22. In fairness to Korsgaard, she attempts to answer the objection posed by Geuss. Suffice it to say here that I find her response as unconvincing as I find the position itself cogent.

23. This point can be stated positively. Peirce himself does so when he asserts: "we know that man is not whole as long as he is single, that he is essentially a possible member of society. Especially, one man's experience is nothing, if it stands alone. If he sees what others [in principle] cannot, we call it hallucination. It is not 'my' experience, but 'our' experience that has to be thought of; and this 'us' has indefinite possibilities" (CP 5.402, n. 2).

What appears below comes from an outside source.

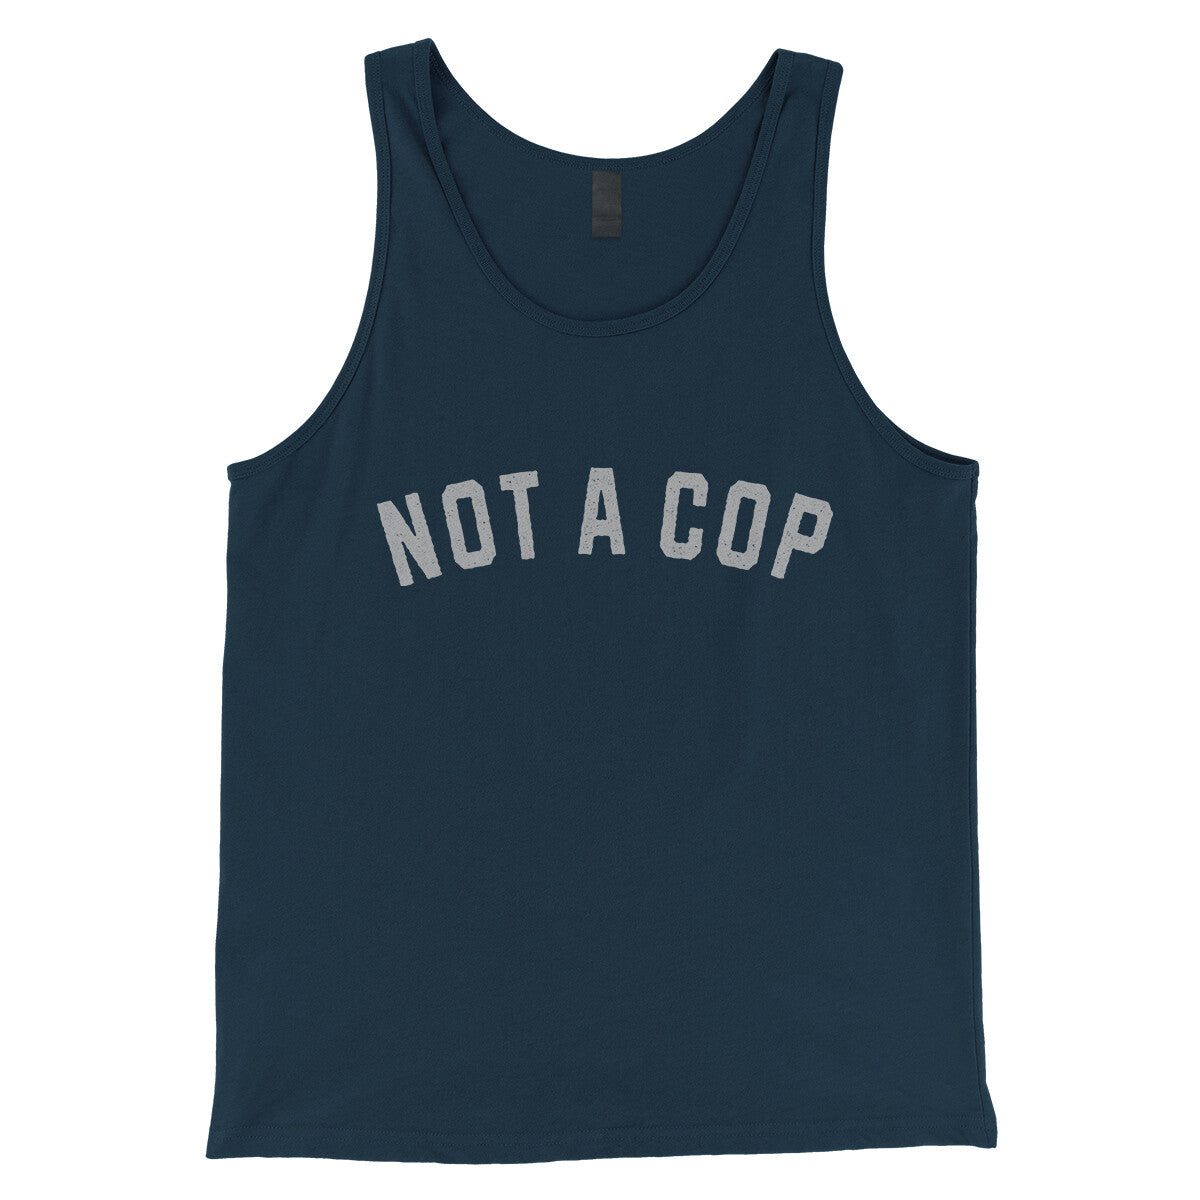 Not a Cop in Navy Color

24. This important text invites to be coordinated with other important ones. First, the "synectic union with the circumambient non-ego" calls to mind Peirce's definition of religion: "In each individual it is a sort of sentiment, or obscure perception, a deep recognition of a something in the circumambient All, which, if he strives to express it, will clothe itself in forms more or less extravagant, more or less accidental, but ever acknowledging the first and the last, the Á and Ù as well as a relation to that Absolute of the individual's self, as a relative being" (CP 6.429). The emphasis on the growth of ideas and institutions calls to mind a passage from "Evolutionary Love: "Suppose, for example, that I have an idea that interests me. It is my creation. It is my creature; for . . .it is a little person. I love it; and I will sink myself in perfecting it. It is not by dealing out cold justice to the circle of my ideas that I can make them grow, but by cherishing and tending them as I would the flowers in my garden" (CP 6.289). Somewhat paradoxically, this series of ever more radical self-surrenders makes possible the acquisition of ever more effective self-control. The progressive annihilation of the blind will of aggressive and possessive individuality is the negative side of the progressive realization of rational agency. Peirce highlights an important facet of the positive side of this progressive /201/ realization when he suggests: "it is by the indefinite replication of self-control upon self-control that [to borrow a term from Henry James, Sr.] the vir is begotten, and by action, through thought, he [this vir] grows an esthetic ideal, not for the behoof of his own poor noodle merely, but as the share which God permits him to have in the work of creation" (CP 5.402, n. 3). "This [esthetic] ideal, by modifying the rules of self-control modifies action, and so experience too—both the man's own and that of others, and this centrifugal movement thus rebounds in a new centripetal movement, without limit (ibid.). "The great principle of logic is self-surrender, which does not mean that the self is to lay low for the sake of an ultimate triumph. It may turn out so; but that must not be the governing purpose" (CP 5.402, n. 2). The governing purpose must rather be ever more thoroughgoing devotion to (or espousal of) a trans-personal cause or ideal. Cf. Krolikowski; also Bernstein 1991.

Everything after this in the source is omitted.